Run INSPIRE on the human DLPFC dataset
In this tutorial, we show INSPIRE’s analysis of the human dorsolateral prefrontal cortex (DLPFC) dataset.
The spatial transcriptomics DLPFC data are publicly available at https://github.com/LieberInstitute/spatialLIBD.
Import packages
[1]:
import pandas as pd
import numpy as np
import scanpy as sc
import anndata as ad
import umap
import matplotlib.pyplot as plt
from matplotlib.cm import get_cmap
import INSPIRE
import warnings
warnings.filterwarnings("ignore")
Load data
[2]:
data_dir = "data/DLPFC/spatialLIBD"
slice_idx = 151673
adata_st = sc.read_visium(path=data_dir+"/%d" % slice_idx,
count_file="%d_filtered_feature_bc_matrix.h5" % slice_idx)

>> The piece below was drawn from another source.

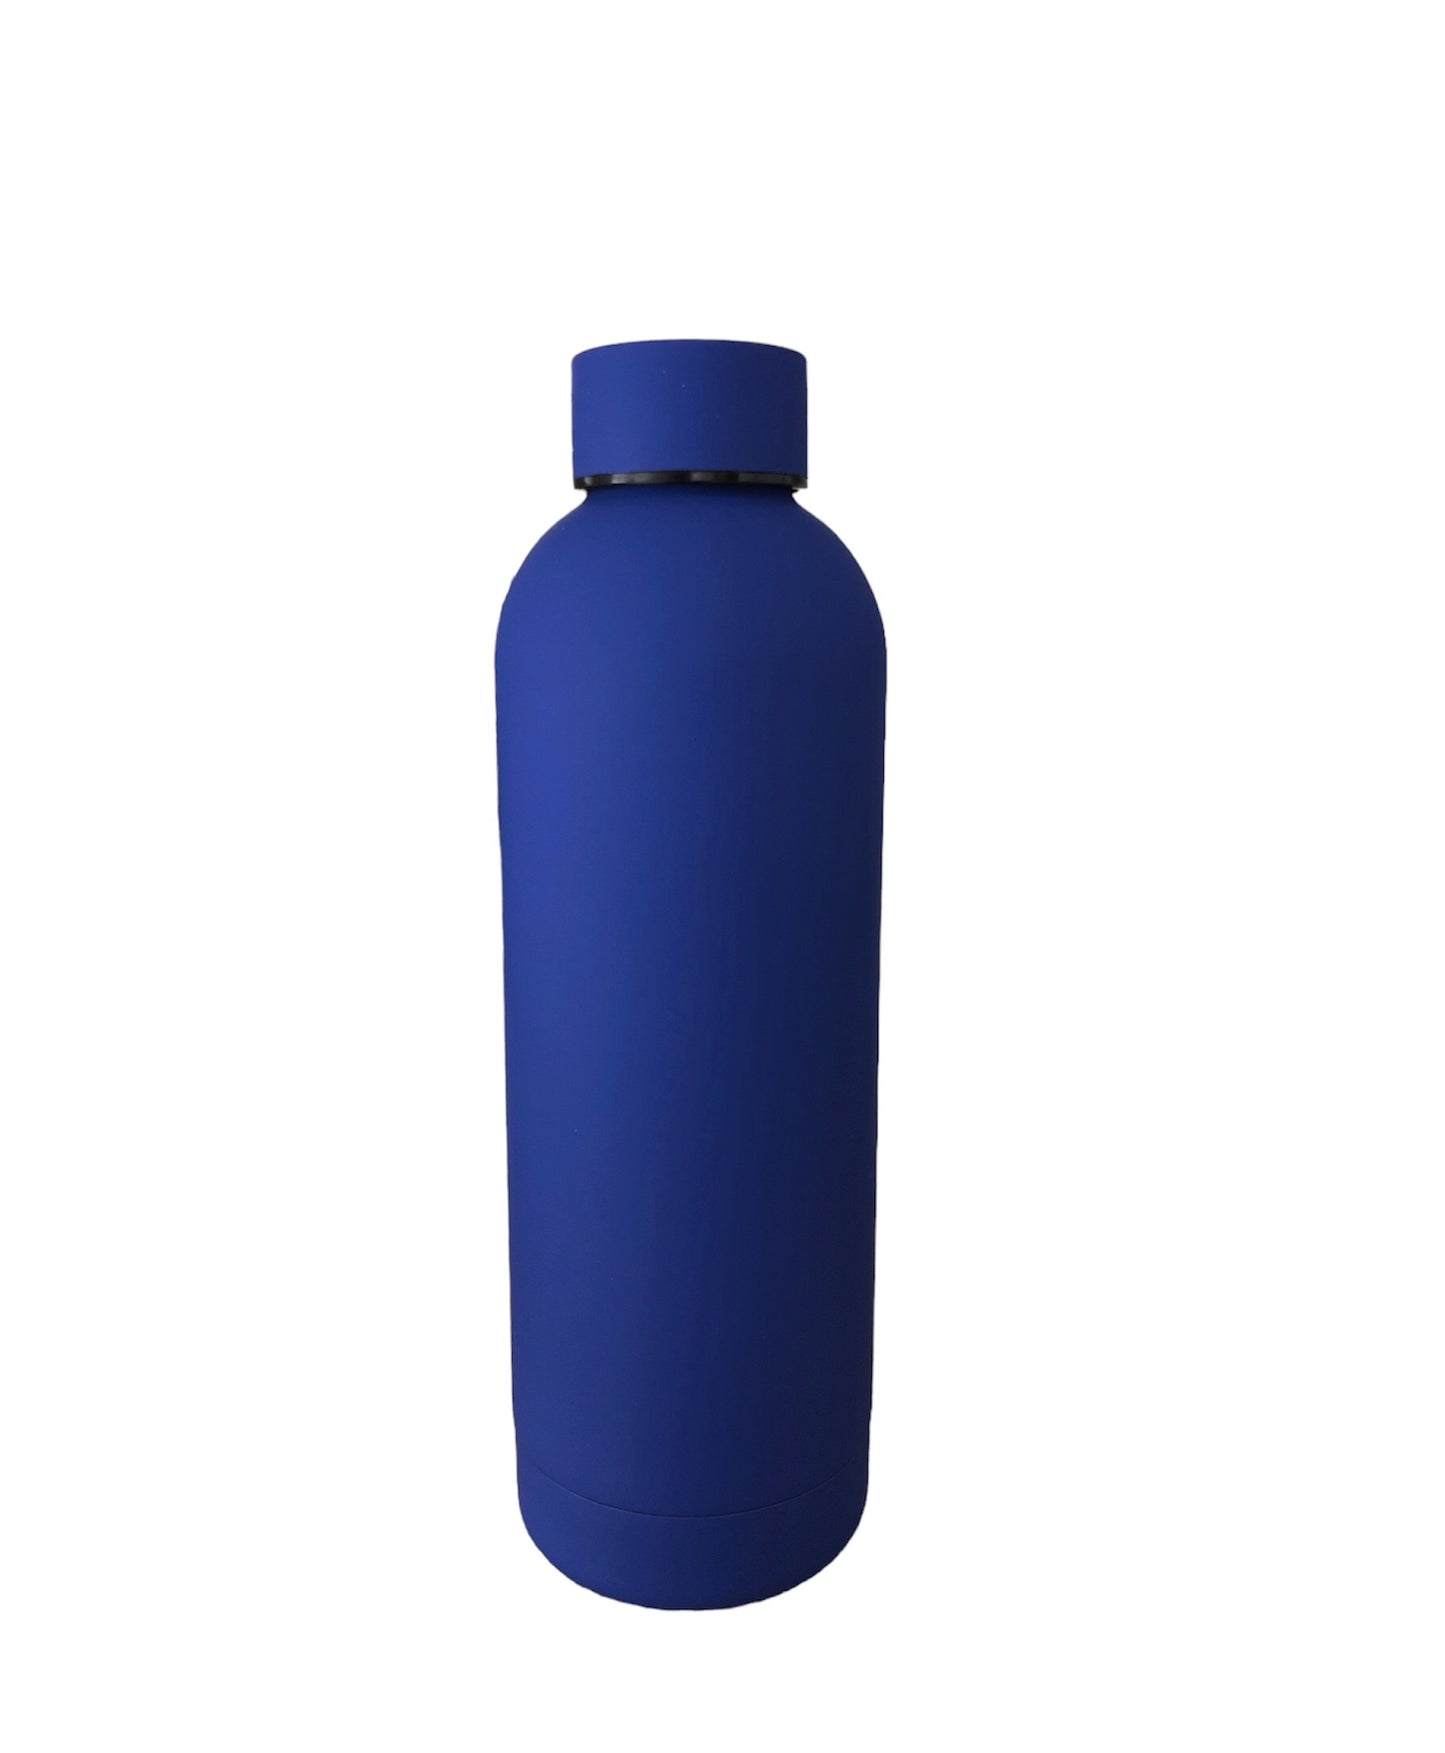 Matte water bottles
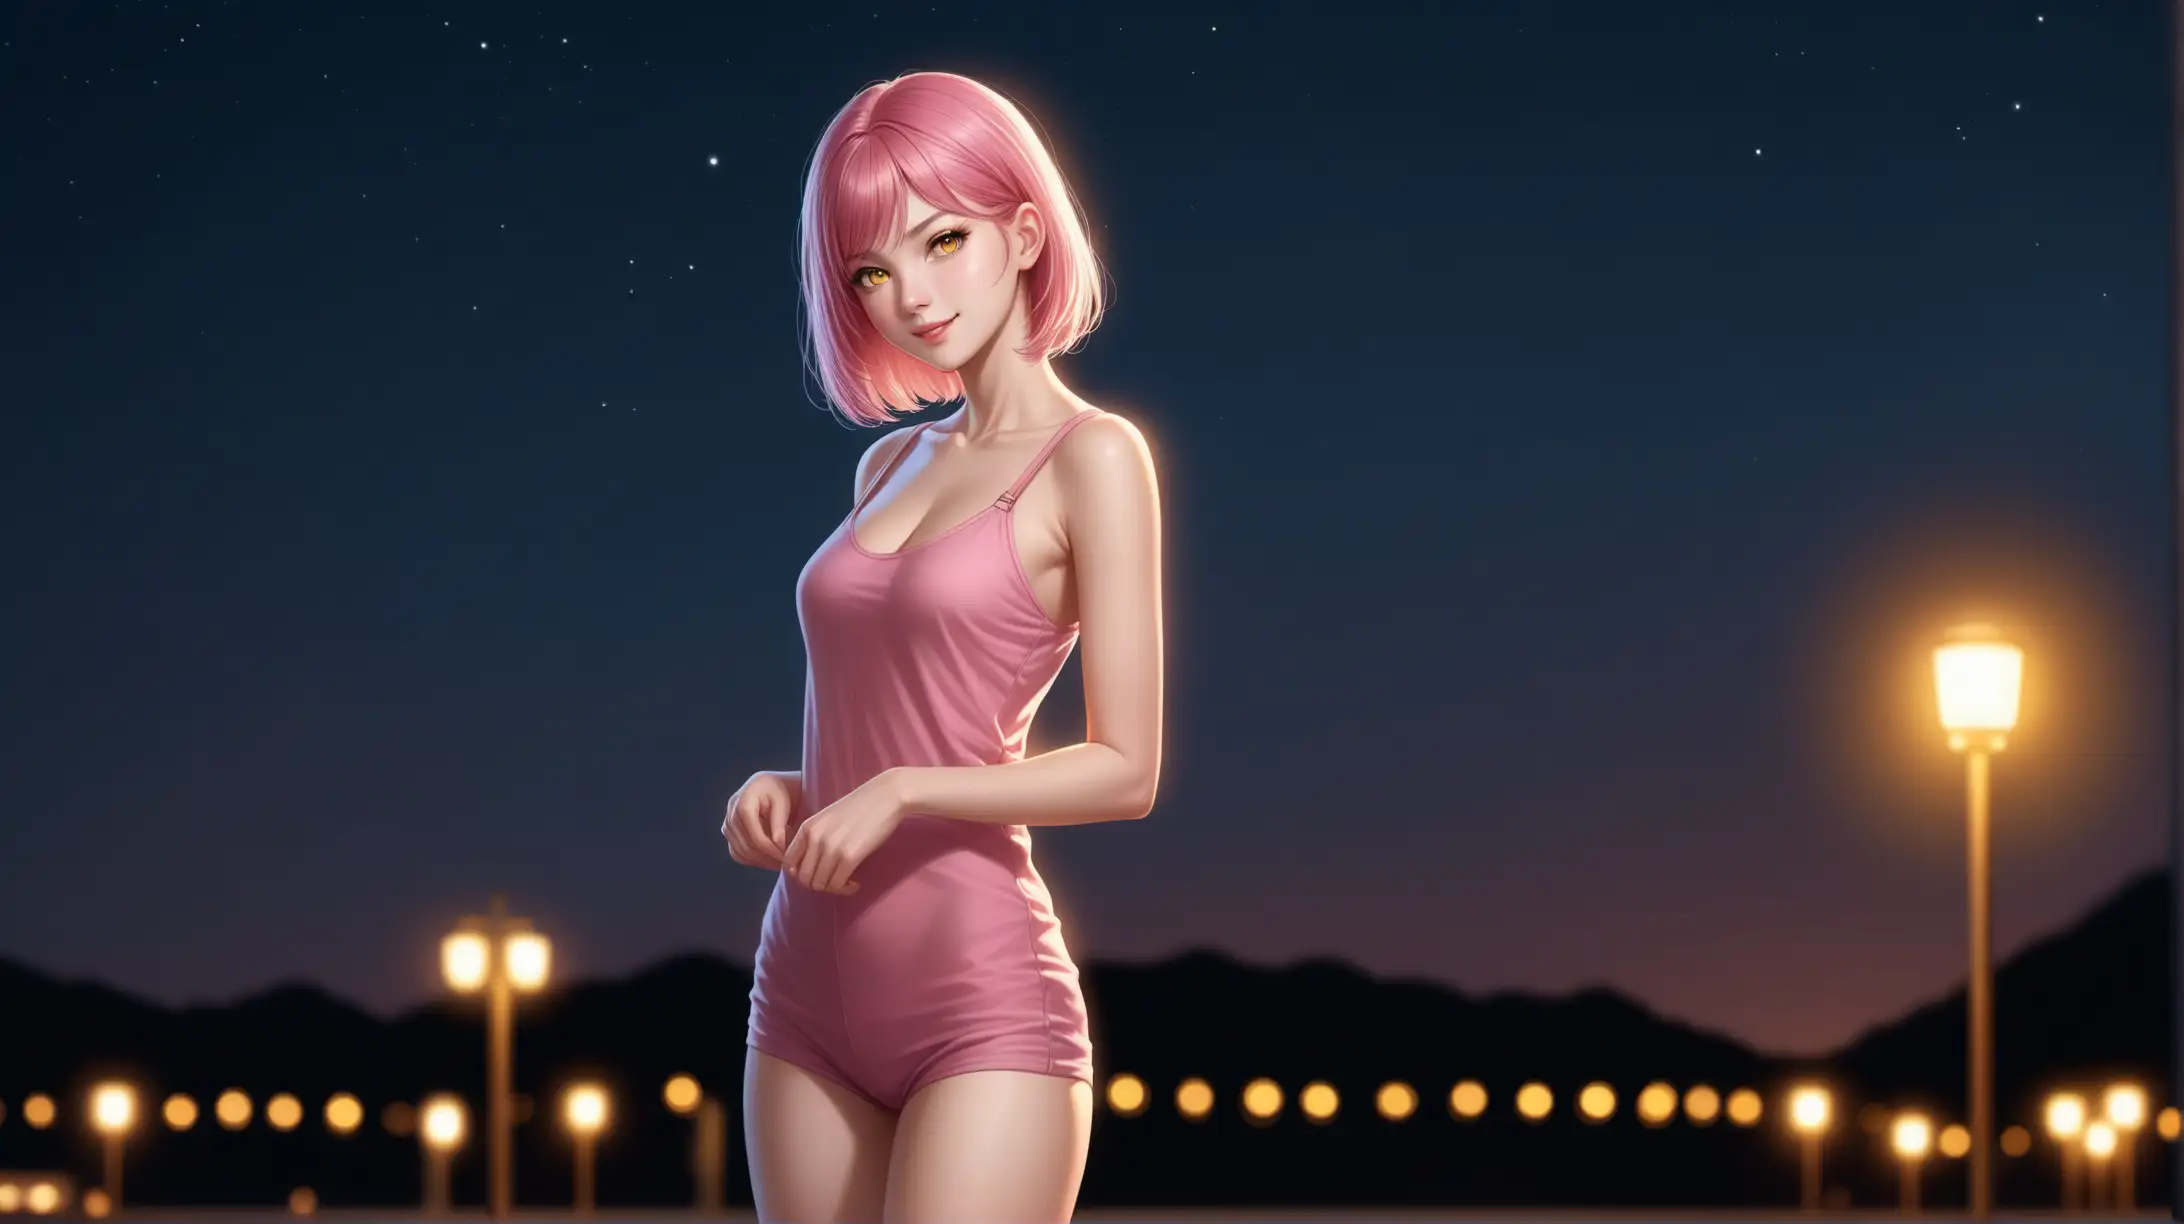 Stylish Woman with Pink Hair Enjoying Night Outdoors

anno_df = pd.read_csv(data_dir+'/barcode_level_layer_map.tsv', sep='\t', header=None)
anno_df = anno_df.iloc[anno_df[1].values.astype(str) == str(slice_idx)]
anno_df.columns = ["barcode", "slice_id", "layer"]
anno_df.index = anno_df['barcode']
adata_st.obs = adata_st.obs.join(anno_df, how="left")
adata_st = adata_st[adata_st.obs['layer'].notna()]
adata_st1 = adata_st.copy()
adata_st1.var_names_make_unique()
slice_idx = 151674
adata_st = sc.read_visium(path=data_dir+"/%d" % slice_idx,
count_file="%d_filtered_feature_bc_matrix.h5" % slice_idx)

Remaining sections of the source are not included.